添加新 Stage 开发指南¶

本文档介绍如何为 TeleFuser 创建新的 Pipeline Stage，包括 Stage 的基本概念、实现步骤和最佳实践。

概述¶

在 TeleFuser 中，Stage 是 Pipeline 中的一个处理单元，负责执行特定的计算任务。每个 Stage 可以：

封装一个或多个模型
处理输入数据并产生输出
管理模型的生命周期（加载、卸载、并行化）
与其他 Stage 组合成完整的 Pipeline

Stage 的类型¶

类型	描述	示例
模型 Stage	包含深度学习模型，执行推理	`RealESRGANStage`, `RiftVFIStage`
处理 Stage	不含模型，执行数据转换或保存	`ArtifactSaveStage`

快速开始¶

以下是一个最简单的 Stage 实现：

from telefuser.core.base_stage import BaseStage, with_model_offload
from telefuser.core.config import ModelRuntimeConfig
from telefuser.core.module_manager import ModuleManager

class MyCustomStage(BaseStage):
    """自定义 Stage 示例"""

    def __init__(
        self,
        name: str,
        module_manager: ModuleManager,
        model_runtime_config: ModelRuntimeConfig,
    ):
        super().__init__(name, model_runtime_config)
        # 从 ModuleManager 获取模型
        self.my_model = module_manager.fetch_module("my_model")
        # 注册模型名称（用于自动卸载）
        self.model_names = ["my_model"]

    @with_model_offload(["my_model"])
    @torch.inference_mode()
    def process(self, input_data):
        """处理输入数据"""
        with torch.autocast(device_type=self.device_type, dtype=self.torch_dtype):
            output = self.my_model(input_data.to(self.device))
        return output

详细步骤¶

步骤 1：创建 Stage 类文件¶

在 telefuser/pipelines/ 目录下创建 Stage 文件。建议按功能模块组织：

telefuser/pipelines/
├── common/           # 通用 Stage（如超分辨率、帧插值）
│   ├── realesrgan_upscale.py
│   └── rift_vfi.py
├── wan_video/        # Wan Video 相关 Stage
├── qwen_image/       # Qwen Image 相关 Stage
└── ...

步骤 2：实现 Stage 类¶

继承 BaseStage 并实现必要的初始化和处理方法：

# telefuser/pipelines/common/my_upscale_stage.py

from __future__ import annotations

from typing import List

import numpy as np
import torch
from PIL import Image

from telefuser.core.base_stage import BaseStage, with_model_offload
from telefuser.core.config import ModelRuntimeConfig
from telefuser.core.module_manager import ModuleManager
from telefuser.utils.profiler import ProfilingContext4Debug


class MyUpscaleStage(BaseStage):
    """图像超分辨率 Stage。

    使用自定义模型将图像放大到更高分辨率。
    """

    def __init__(
        self,
        name: str,
        module_manager: ModuleManager,
        model_runtime_config: ModelRuntimeConfig,
    ):
        """初始化 Stage。

        Args:
            name: Stage 名称，用于日志和调试
            module_manager: 模型管理器，用于获取已加载的模型
            model_runtime_config: 模型运行时配置
        """
        super().__init__(name, model_runtime_config)
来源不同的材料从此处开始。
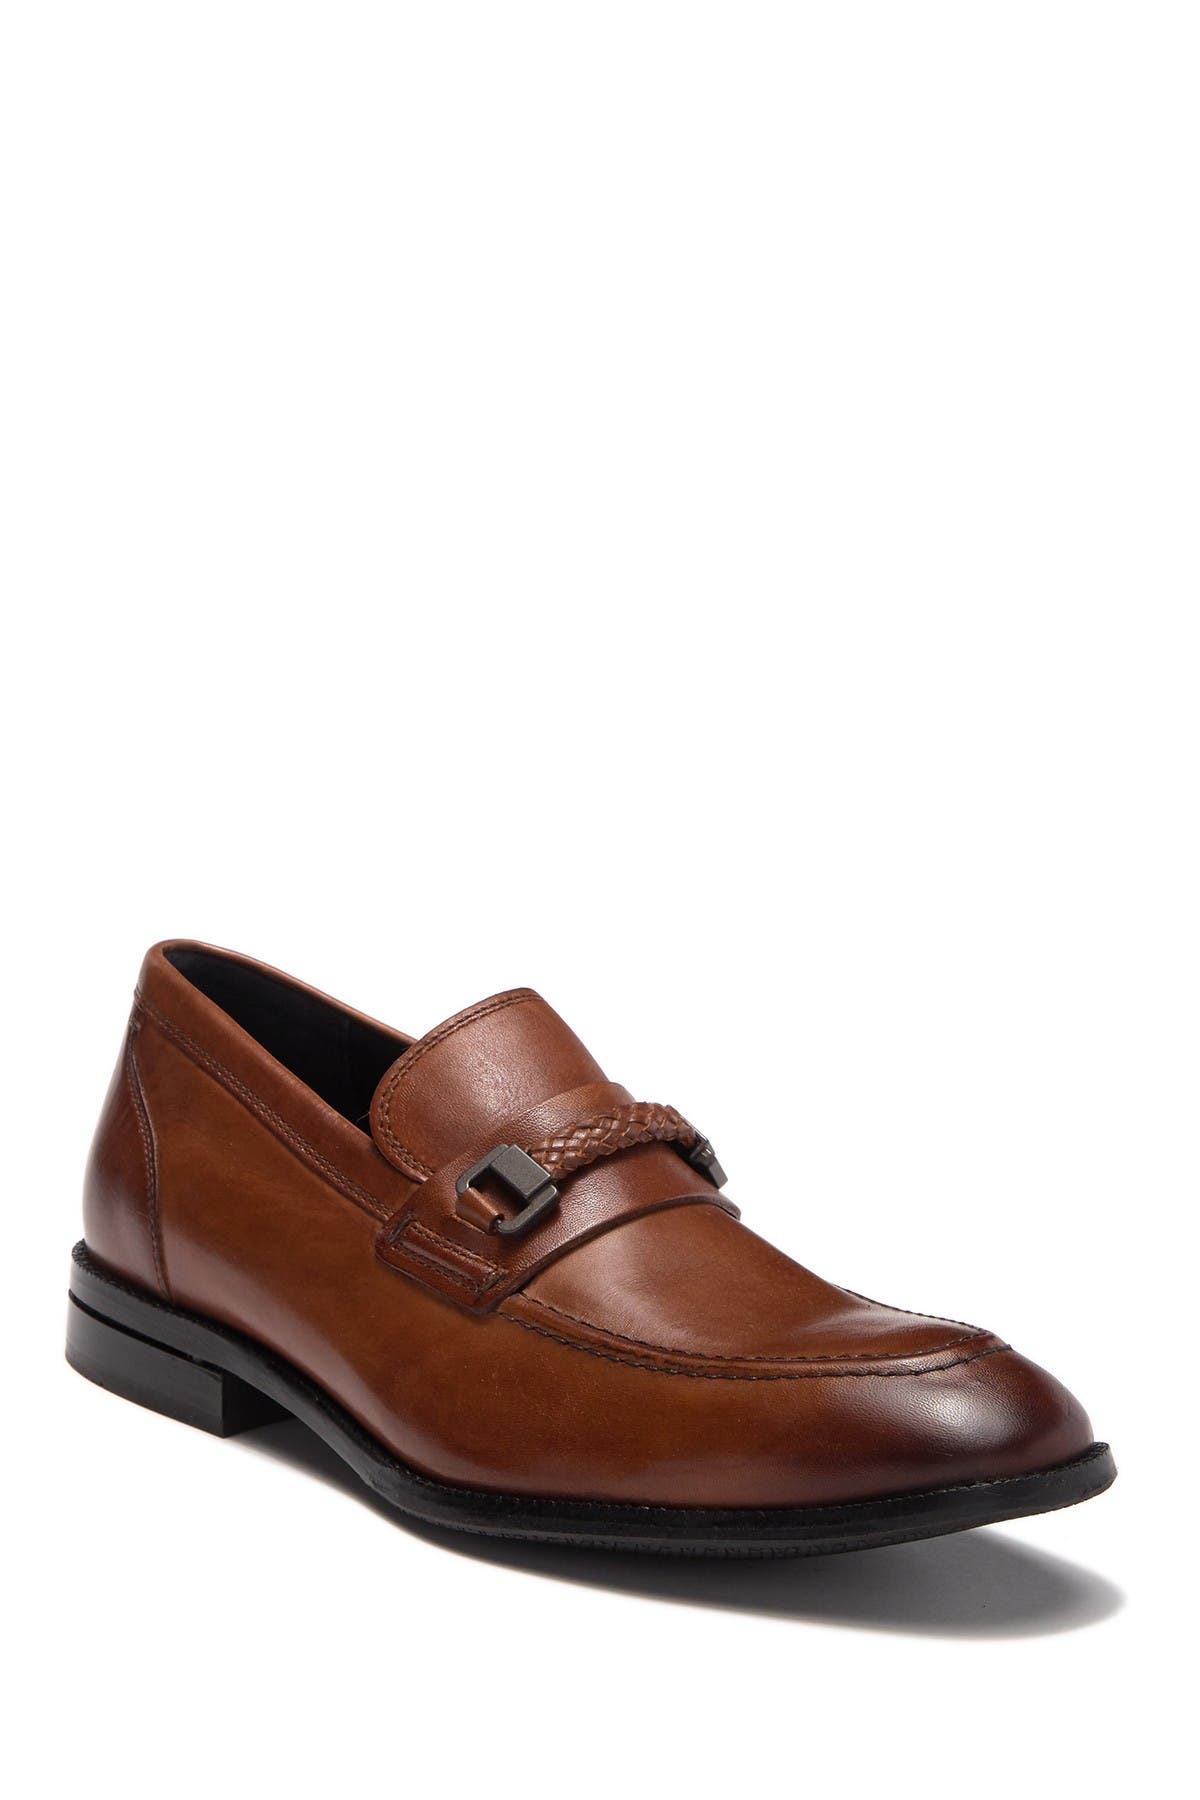 cole haan mens shoes loafers

        # 从 ModuleManager 获取模型
        # 注意：模型需要预先通过 module_manager.load_model() 加载
        self.upscale_model = module_manager.fetch_module("upscale_model")

        # 注册模型名称列表
        # 这用于 @with_model_offload 装饰器自动管理模型加载/卸载
        self.model_names = ["upscale_model"]
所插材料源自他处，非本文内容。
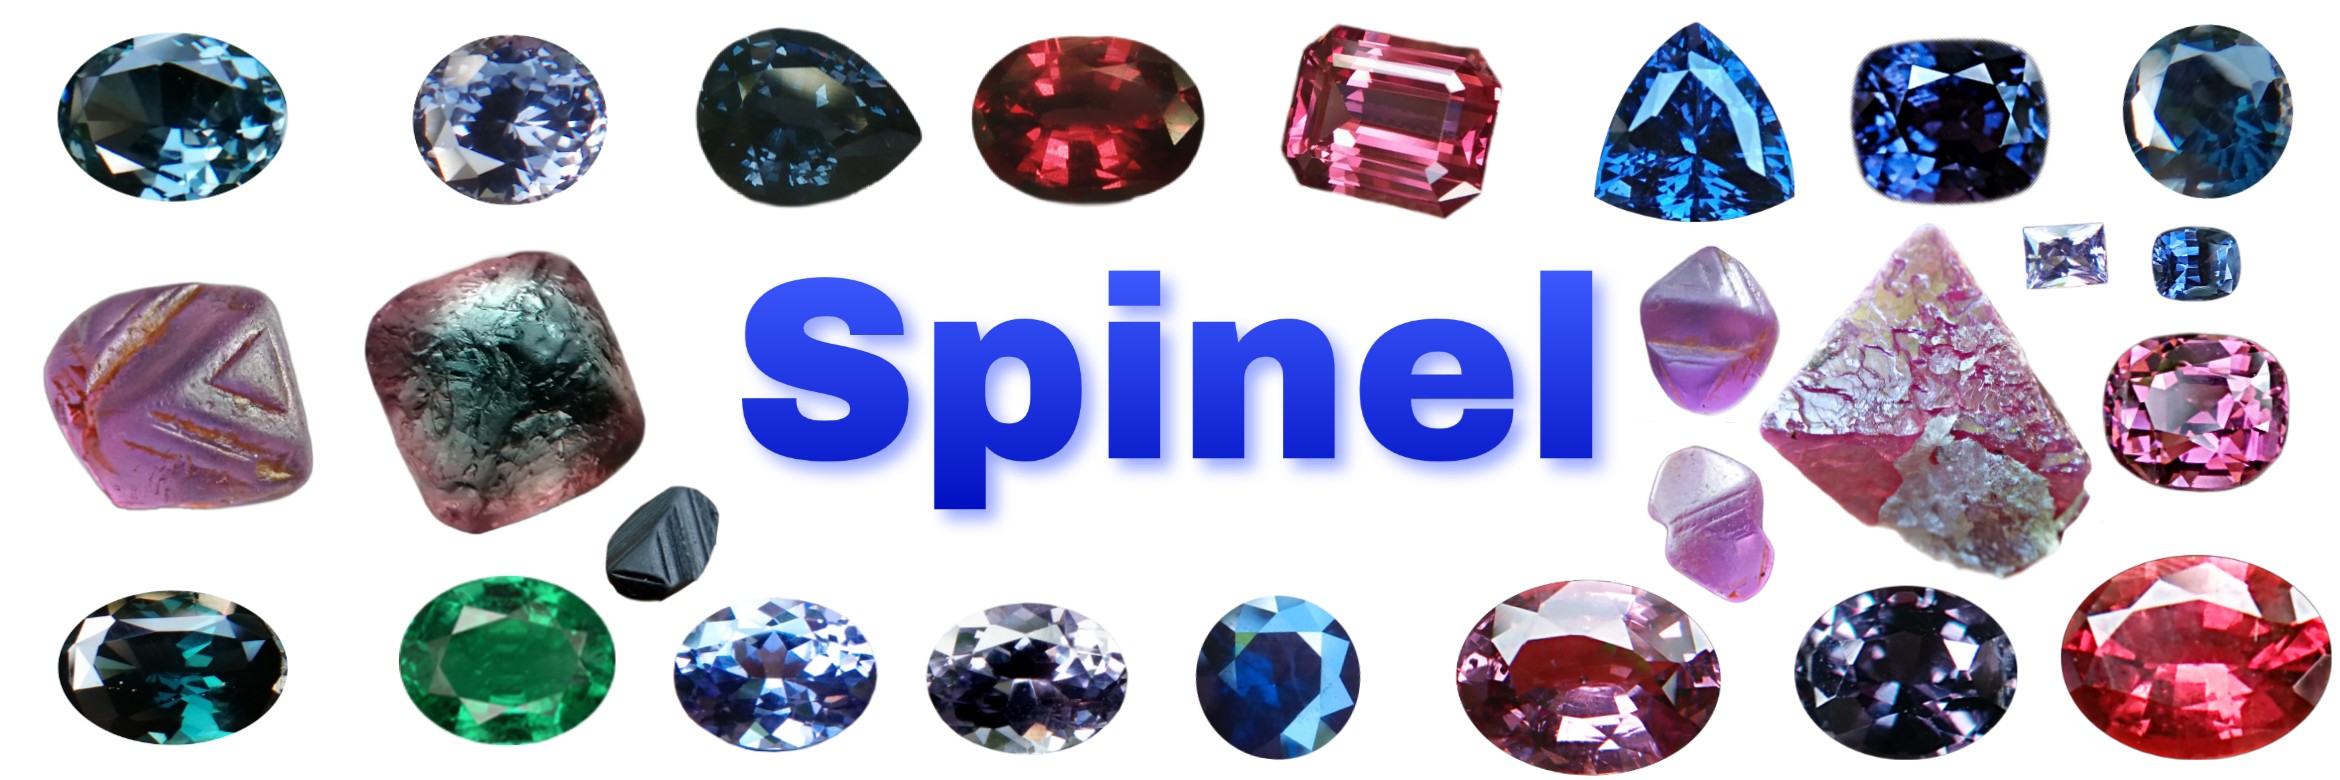 Spinel source value price healing - Danu Group

    @with_model_offload(["upscale_model"])
    @ProfilingContext4Debug("my_upscale")
    @torch.inference_mode()
    def process(
        self,
        input_images: List[Image.Image],
        scale_factor: int = 4,
    ) -> List[Image.Image]:
        """处理图像超分辨率。

        Args:
            input_images: 输入的 PIL Image 列表
            scale_factor: 放大倍数

        Returns:
            放大后的 PIL Image 列表
        """
        if not input_images:
            return input_images

        # 转换 PIL 图像为 Tensor [N, H, W, C]，范围 [0, 1]
        src_tensor_list = [
            torch.from_numpy(np.array(image, dtype=np.float32)).unsqueeze(0) / 255.0
            for image in input_images
        ]
        src_tensor = torch.concat(src_tensor_list, dim=0)

        # 执行推理
        with torch.autocast(device_type=self.device_type, dtype=self.torch_dtype):
            result_tensor = self.upscale_model.upscale(
                src_tensor,
                scale_factor=scale_factor,
                device=self.device.type
            )

        # 转换回 PIL 图像
        frames = ((result_tensor.float()) * 255).clip(0, 255).numpy().astype(np.uint8)
        result_images = [Image.fromarray(frame) for frame in frames]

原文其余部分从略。